"The Misfits"

Wednesday, September 9, 2009

"I Am Not My Hair"


Written by: luminoUS, Editor at Large

“Look, girl! She got that good hair! It’s all curly and stuff…” “Your hair is just nappy! I hate trying to comb your hair… You need it pressed or a relaxer!” I’ve heard both of these phrases one too many times during my childhood and even still today as an adult. What eXactly deems one’s hair as “good” or “bad”? Does good hair obey rules? Does bad hair stay out all hours of the night and wreck havoc on society? Too many times people place connotations upon hair that it could never live up to.

Being spoon fed images of beauty by the hands of Lady Liberty and the children of her nation, African Americans have been groomed to believe that the “s” curl pattern of their locs is no less than horrid. Our hair was deemed down right dreadful during the days of slavery by the Europeans who forced us to inhabit the foreign shores of this once distant land simply because it was different from their thin, flowing tresses. Unbeknownst to them, our hair was our crowning glory and protection against the heat and other elements indigenous to Mother Africa. Thick like lambs wool and coiled into a perfect “s” shape, our hair cushioned and insulated our crowns from the heat of the sun. But, when in Rome, many tend to do as the Romans, and before long we as a people began to take on the ideology that straight, thin hair was the only form of beauty when speaking in the realm of cosmetology.

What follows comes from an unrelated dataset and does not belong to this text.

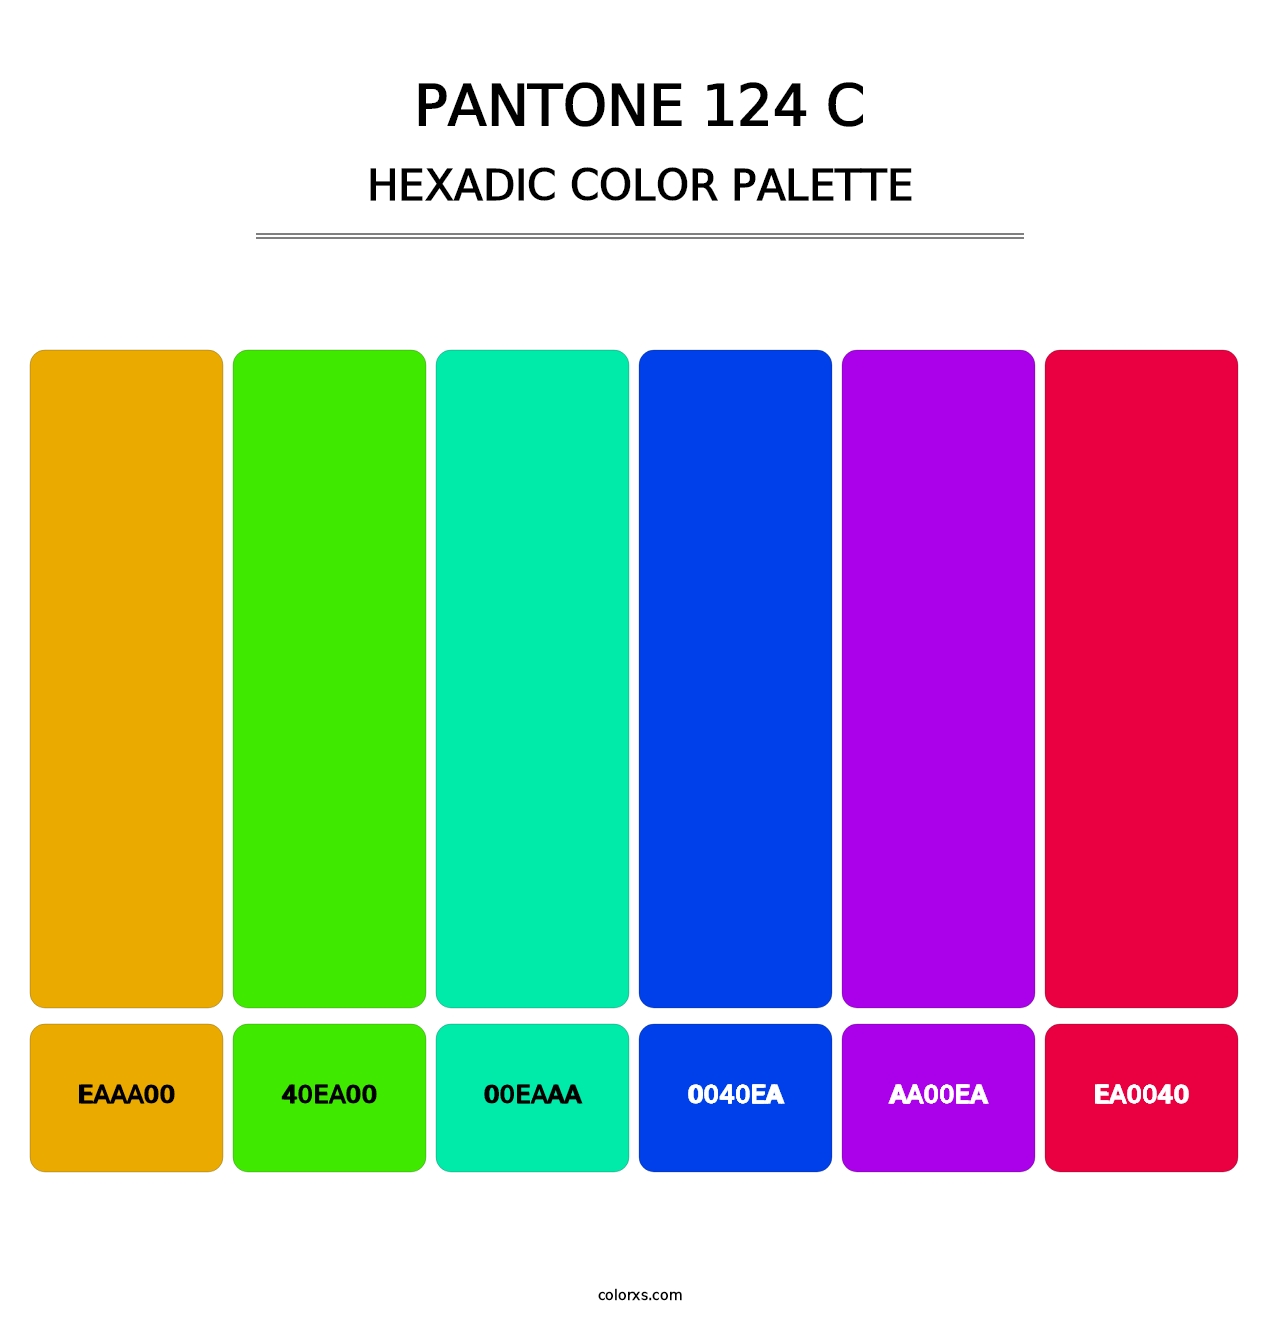 PANTONE 124 C - Hexadic Color Palette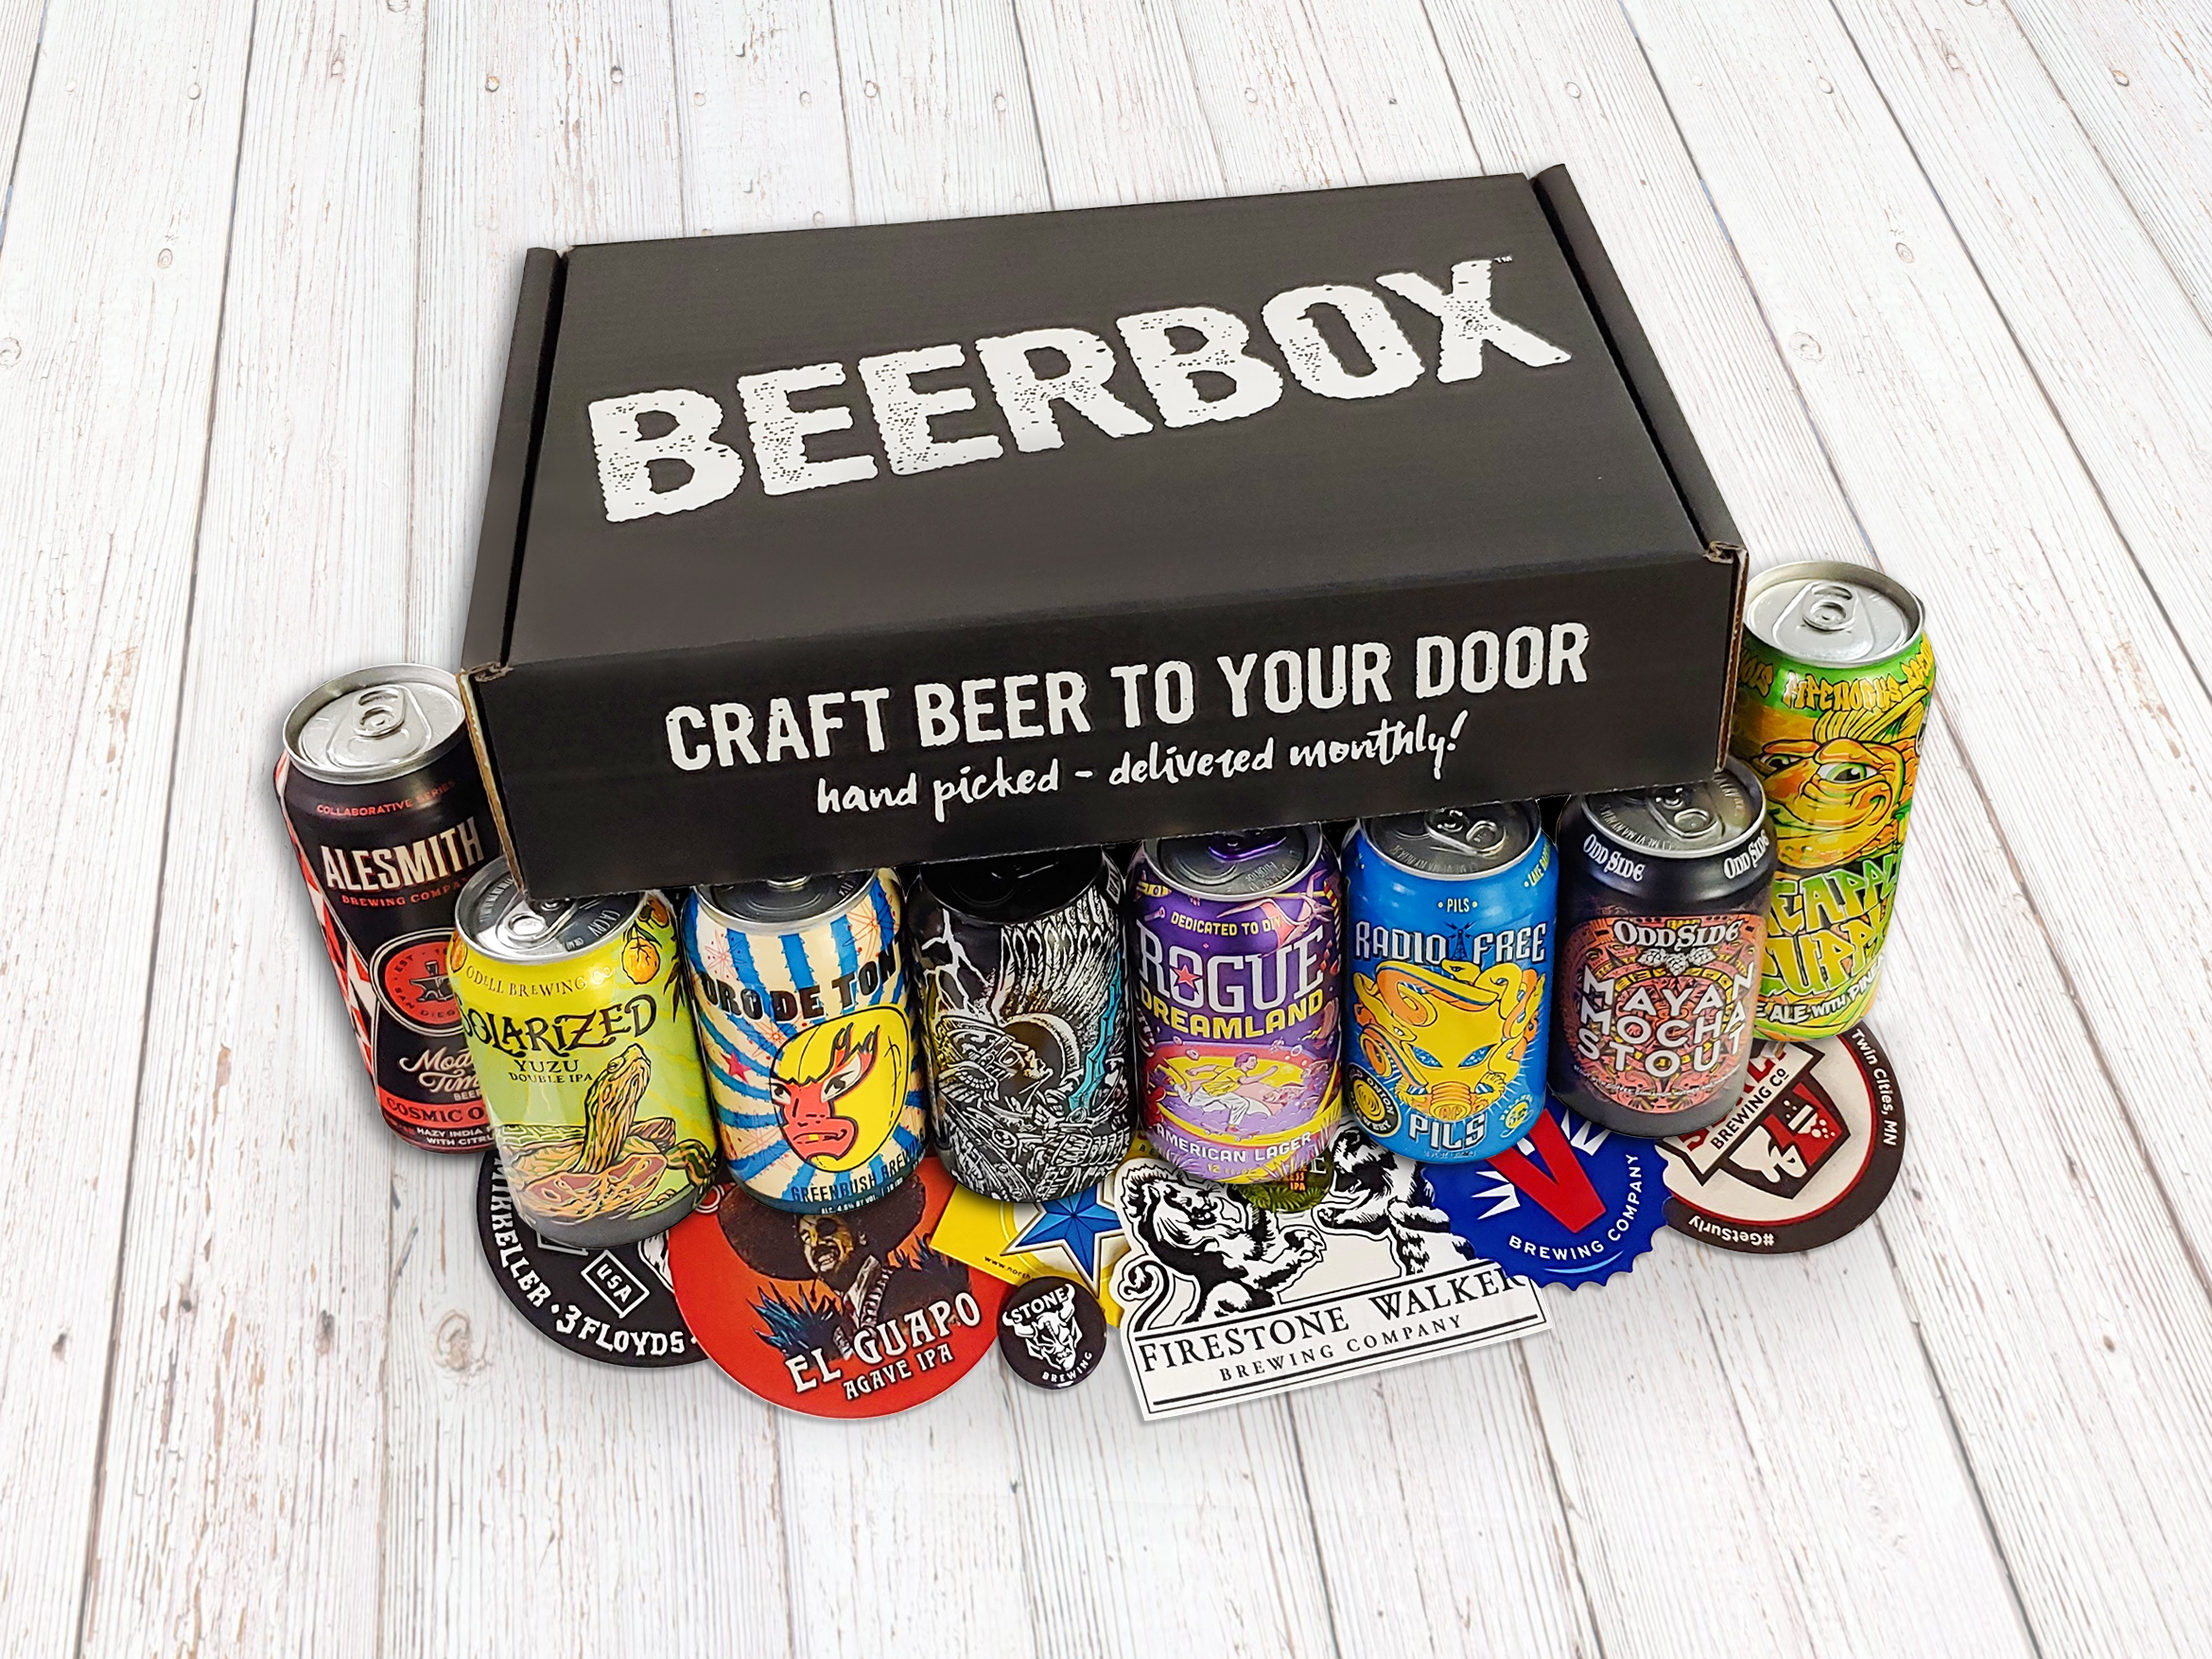 BeerBox

I was forced to sit in front of the hot stove every Saturday evening. Whose turn was first or last did not matter because the procedure was always the same. Grandma would sit upon her stool with a slab of Blue Magic grease upon the back of her hand. She would part the hair, apply grease to the scalp, then remove the hot comb from whichever eye of the stove that it rested upon and dead press your hair until it was silky and flowing. Once she was finished, she would roll your hair with sponge rollers or pieces of a brown paper bag and come Sunday morning, we would all have a head full of curly, bouncy hair.